Dani erstarrte. Onkel Jack! Wie wundervoll das klang! Mit einem Lächeln drehte sie sich wieder um.
“Aha!” Jacks Augen funkelten. “Du dachtest, Petey sei mein Kind. Gib es zu.”
“Ich bin doch dein Kind, Onkel Jack.” Petey lachte ihn an. “Kann ich etwas Geld haben?”
“Na klar.” Jack suchte in seiner Hosentasche, ohne Dani aus den Augen zu lassen. “Hier bitte.” Er legte ihm ein paar Geldstücke in die ausgestreckte Hand.

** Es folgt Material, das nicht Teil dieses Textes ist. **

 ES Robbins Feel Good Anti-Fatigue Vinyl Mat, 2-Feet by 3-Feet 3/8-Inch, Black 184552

“Danke!” Petey rannte zum Kaugummi-Automaten.
Lächelnd sah Dani ihm nach. “Er ist niedlich.”
“Ja. Auch sehr anstrengend, aber wechsle nicht das Thema. Du dachtest, dass es mein Kind ist, nicht wahr?”
“Ich … ich habe es für möglich gehalten.”

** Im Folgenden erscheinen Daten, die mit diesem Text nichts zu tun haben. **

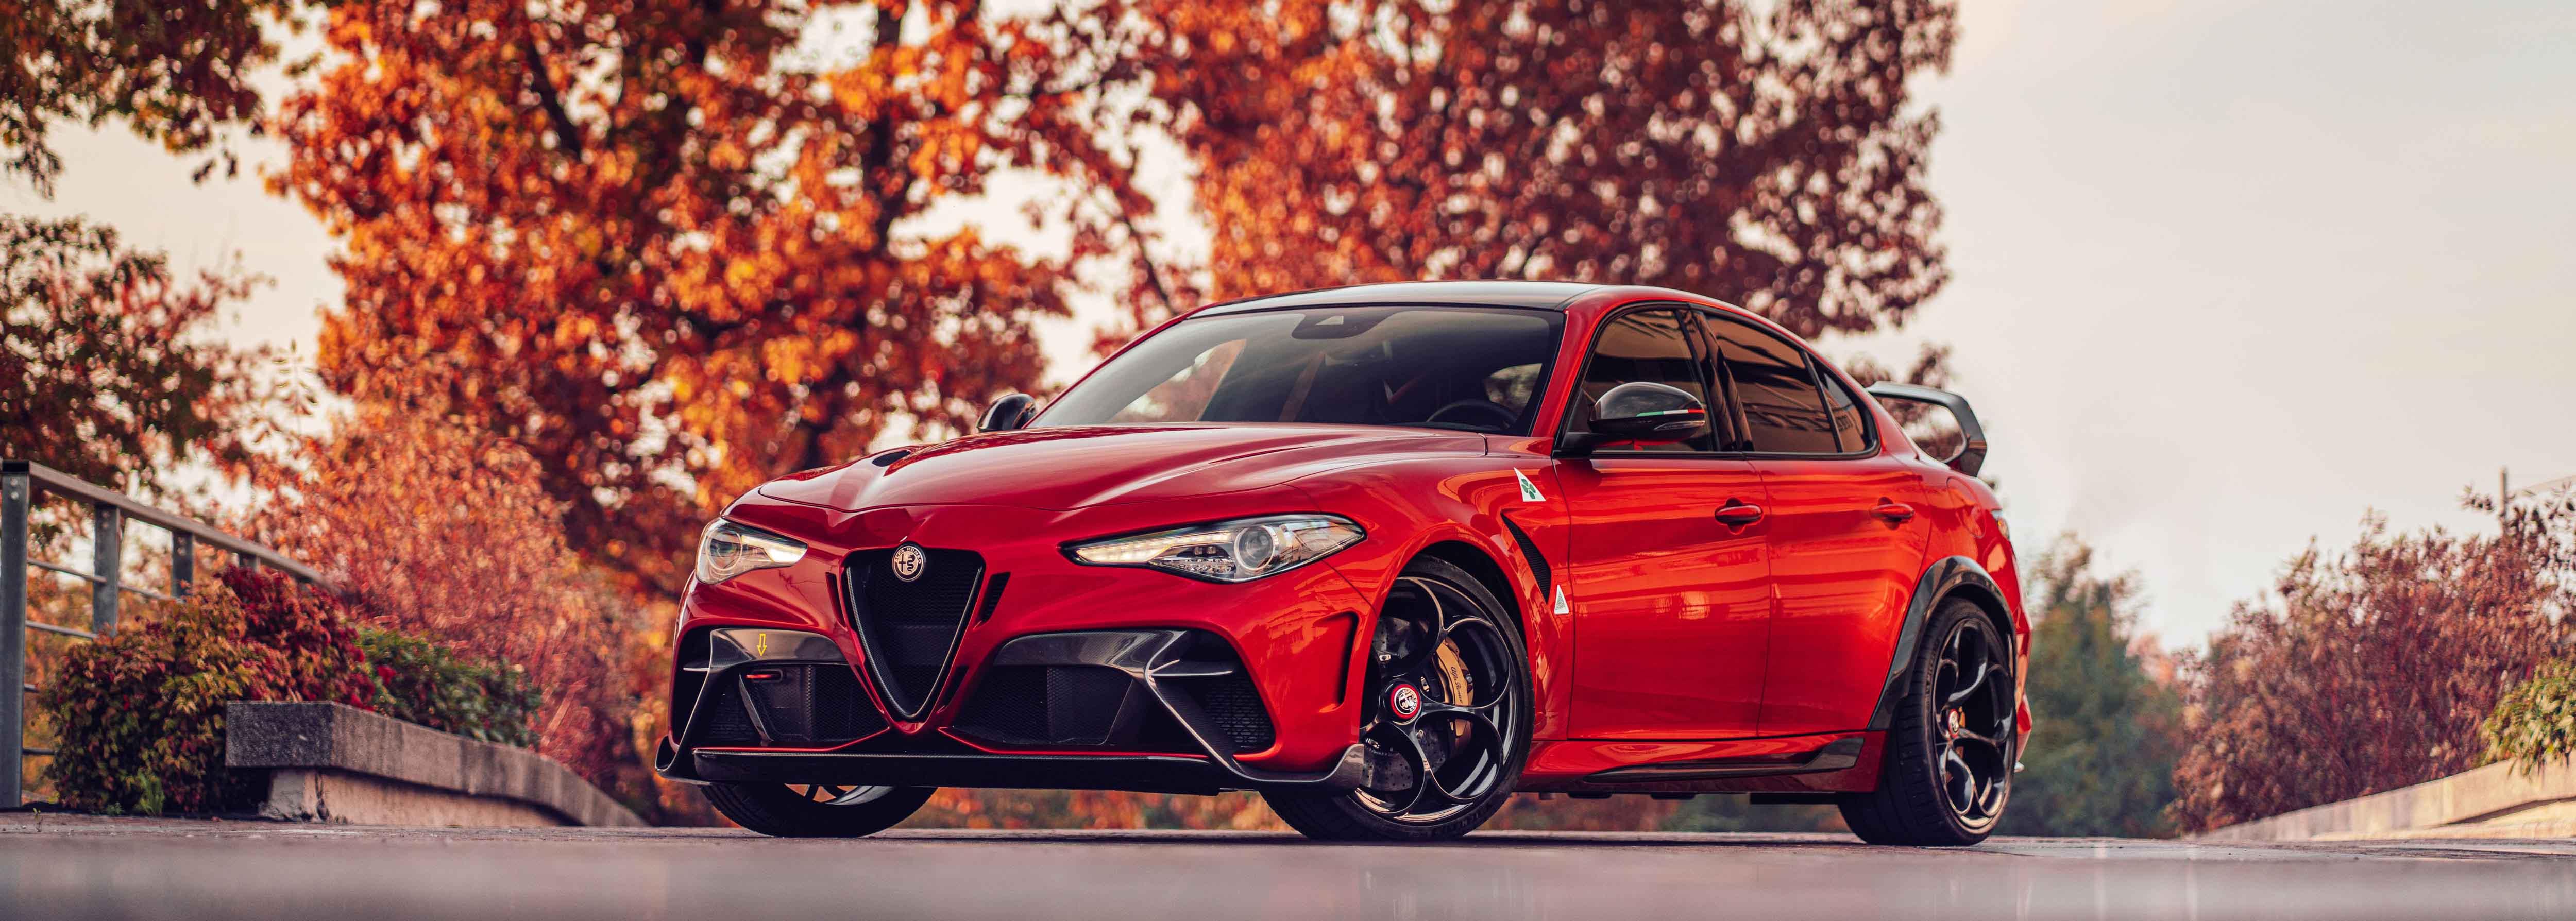 Alfa Romeo launches modern Giulia GTA

“Ich habe keine Kinder, Dani.”
“Da du nicht verheiratet bist, passt das ja sehr gut.” Sie wollte sich nicht eingestehen, wie sehr sie das erleichterte. “Aber jetzt muss ich diese Nägel haben.”
“Okay.” Er zögerte einen Moment. “Vielleicht magst du anschließend mit Petey und mir in die Eisdiele gehen.”

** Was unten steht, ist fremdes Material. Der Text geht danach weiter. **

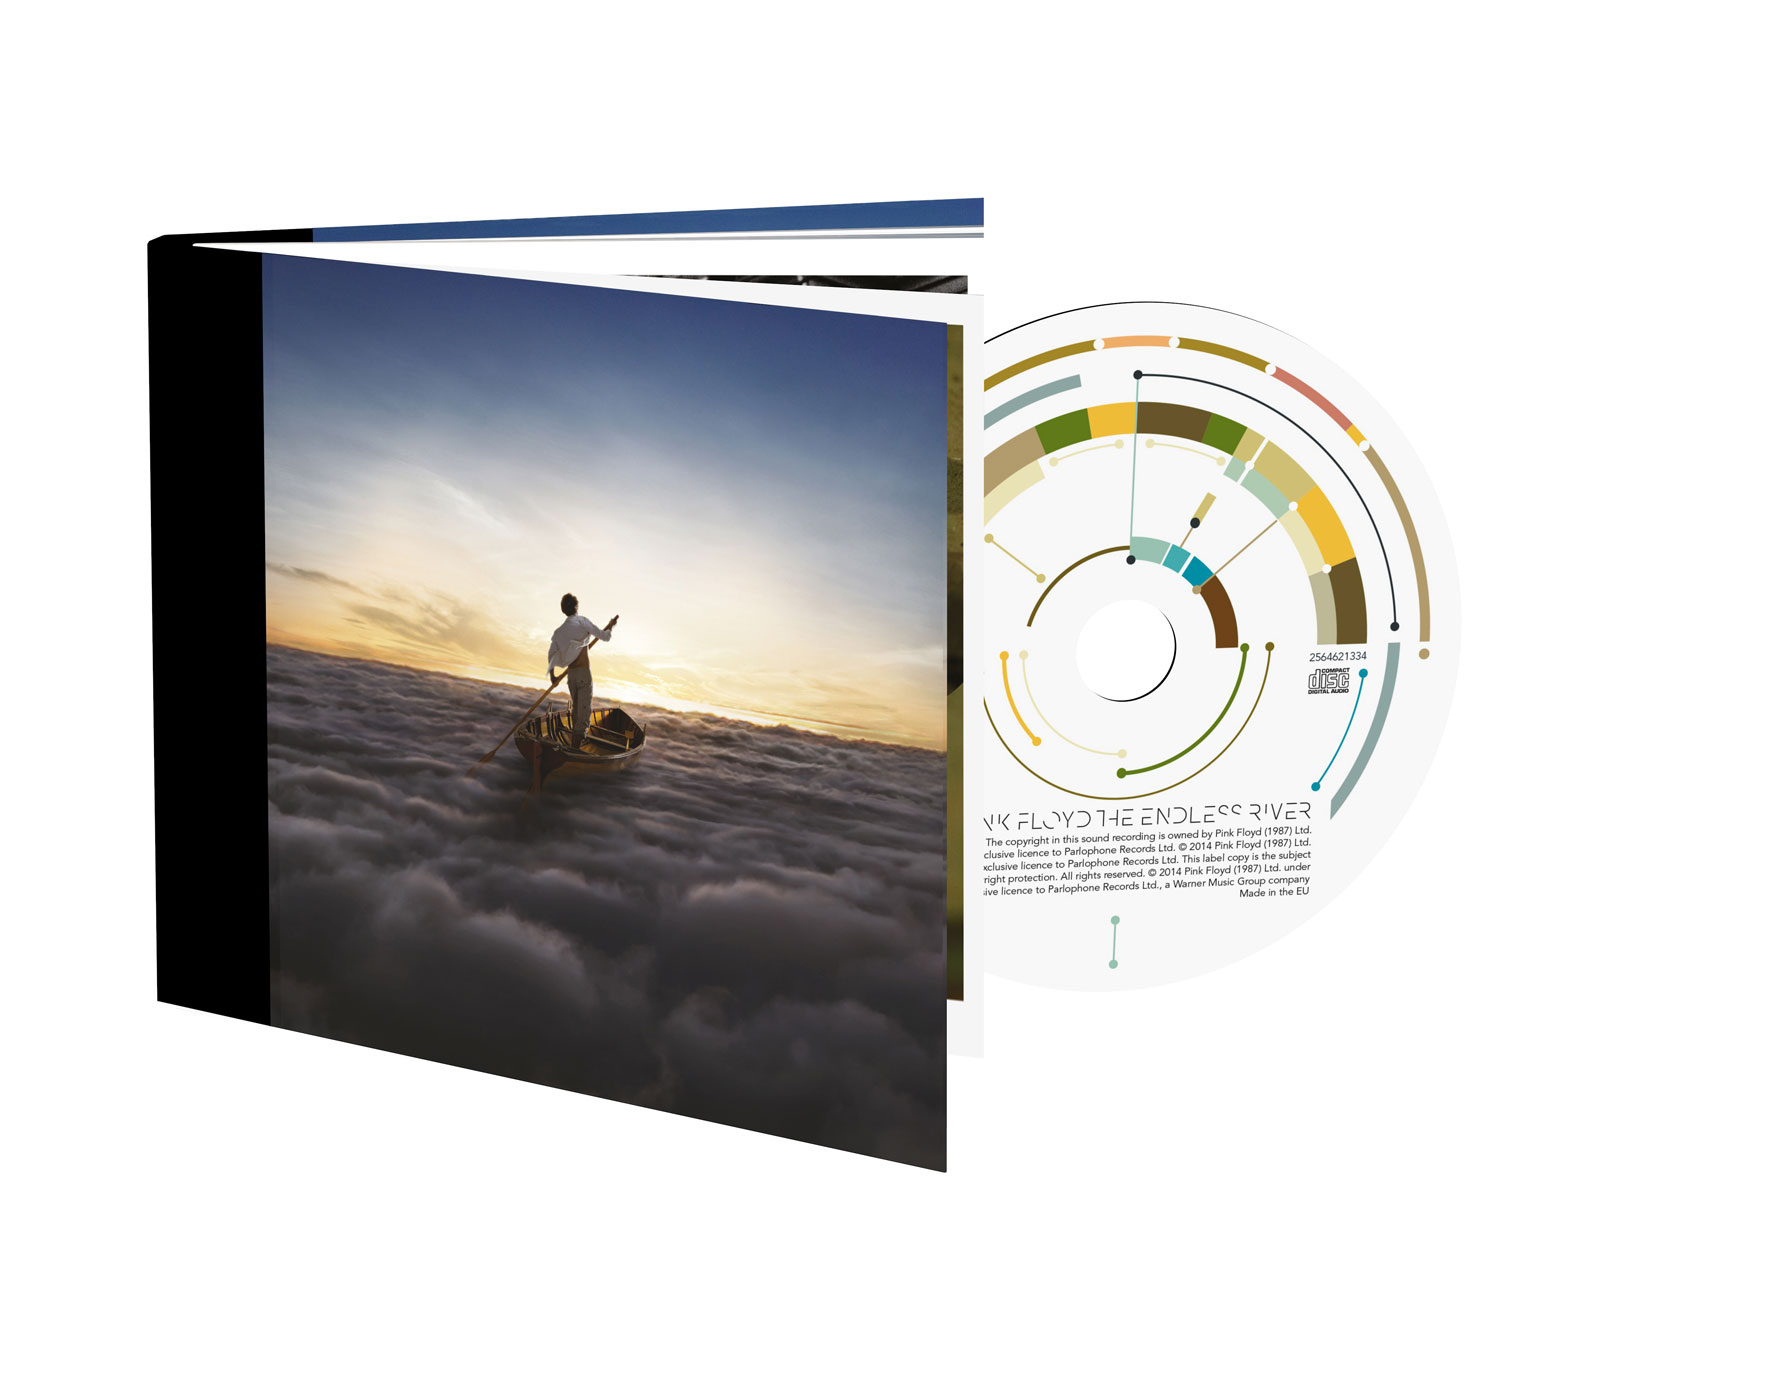 cd image 1

“Aber gern. Geht schon voraus, ich komme dann nach.”
Als sie die Nägel bezahlte, lächelte sie. Sie mochte Kinder, und dass Jack einen Neffen hatte, störte sie nicht im Geringsten. Im Gegenteil.
Petey biss so herzhaft in sein Eis, dass die Schokoglasur absprang und auf den Boden fiel. Aufstöhnend griff Jack nach den Servietten.
“Petey, wie oft habe ich dir schon gesagt, dass du …”
“Ich mach das schon”, bot Dani an. “Sorg du dafür, dass der Junge neue Schokolade bekommt.”
“Ja”, wiederholte Petey. “Mehr Schokolade, Onkel Jack!” Anklagend streckte er Jack das Eis hin.
Als Jack mit dem frisch glasierten Eis wieder zum Tisch kam, hatte Dani die alte Glasur weggewischt und lachte mit Petey zusammen. Der Anblick ließ Jacks Herz schneller schlagen.
Als sie sich mit der Zungenspitze Erdbeereis von den Lippen leckte, durchströmte es Jack heiß. “Petey hat mir erzählt, dass er bei dir lebt.”
“Das stimmt.”
Dani runzelte die Stirn. “Aber du wohnst doch jetzt auf der Bar-K-Ranch.”
“Mein Großvater und die Haushälterin kümmern sich um den Kleinen”, erklärte Jack. “Nächstes Jahr wird es einfacher, wenn Petey in die Vorschule kommt.”
“Ich bin klug”, verkündete Petey. “Ich kann schon lesen und so.”
“Wirklich?” Aus großen Augen sah sie Petey an und warf dann einen schnellen Blick zu Jack, der nur die Augen verdrehte und mit dem Kopf schüttelte. Lächelnd wandte sie sich wieder dem Jungen zu. “Ich habe gleich gemerkt, wie klug du bist. Irgendwann musst du mir mal was vorlesen.”
“Das kann ich”, erklärte Petey selbstsicher.
“Ich glaube es ja. Weißt du, Petey, du musst mal mit deinem Onkel zu Besuch zu mir kommen. Hättest du Lust dazu?”
“Weiß nicht. Wieso denn?” Er sah sie fragend an.
“Weil ich dich gern habe, darum. Wir können den Swimmingpool mit Wasser füllen und schwimmen.”
“Ich habe auch einen Pool”, unterbrach er sie.